滋啦啦的疼。
他站在蜡烛前看了一会儿,然后头也没回地离开了揽月阁。
冬天过去了,春天来了又去了,接着夏天来了。
一日一日的过到了现在。
赵瑗躺在书房的床上,他有点想不起来,新婚次日自己都做了些什么。
只记得入宫的情景,那日她穿了件大红的锦缎棉袄,头发挽成了结椎式,少了几分初见时的娇俏,多了份蕴藉持重,温文尔雅。

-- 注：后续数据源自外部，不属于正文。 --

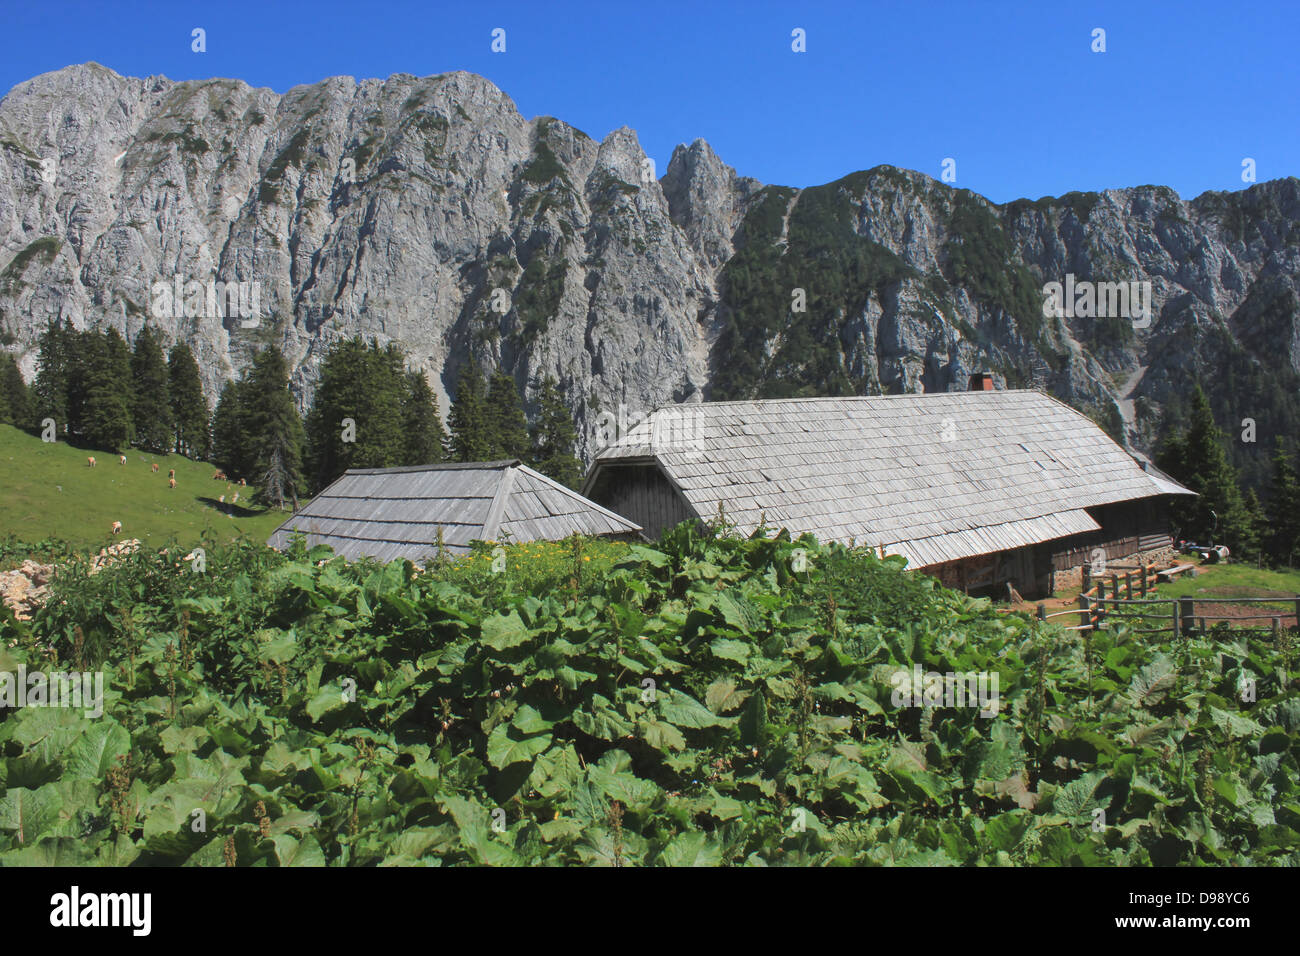 Alpine hut Korosica in Karavanke mountains (Slovenian Alps) with monks rhubarb (rumex alpinus) in foreground Stock Photo
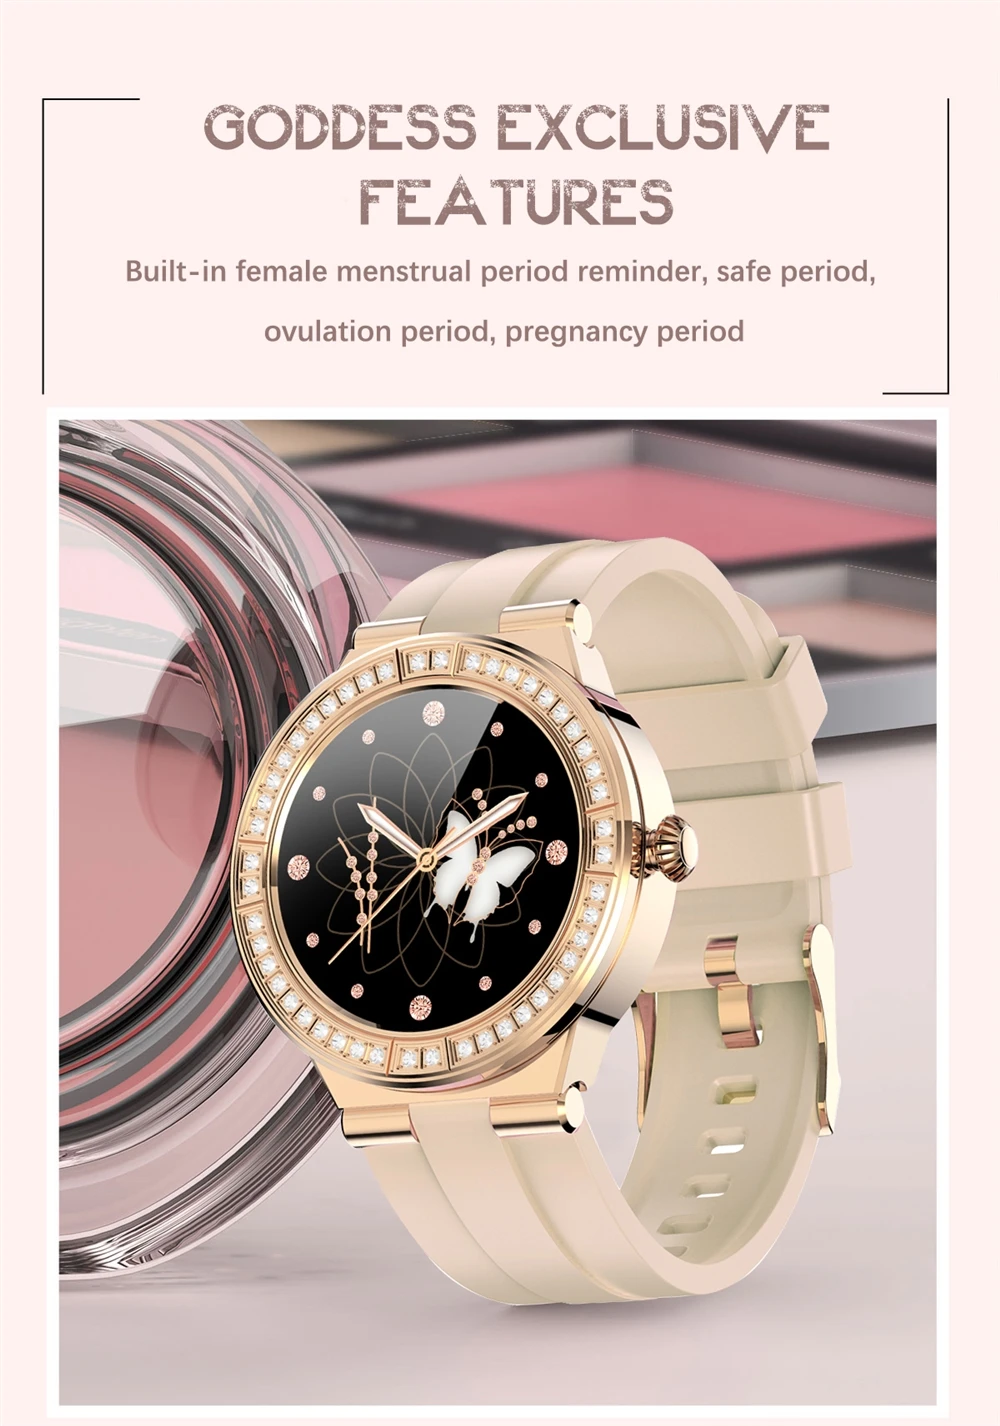 Wholesale LIGE BW0323 beautiful gold female smartwatch nice

她给他的感觉,就像是在一夜之间,由一个伶俐的姑娘变成了一个沉稳的妇人。
那日他穿了一件深紫色滚金边的锦锻长袍,之所以记得这么清楚,是因为他特意交待了负责衣物的林嫂,不要用惯用的黑丝边,要金线迁边。
金边会显得更加的华贵亮丽。
当时林嫂问:“以后的衣服都要用金线吗?”
他想了一会儿说:“就这一件。”
让她看一眼,自己是很好看的就行了,每件衣服都用金线,那得多少银子花。
从府门前碰面开始,赵瑗就感觉到她不时的在看他,这令他很不自在。入宫的马车里,他们相对而坐。他听到了她的第二句话,也就在那个时候,赵瑗确定了她第一句话是说给她自己听的。
她第二句话是:“你昨晚休息的好吗?”
她用的称呼是“你”,而不是“夫君”。
赵瑗没给她答案,而是探究似的朝她望去。
他看到了她的不安,长长的睫毛颤抖着,像两只展翅的蝴蝶。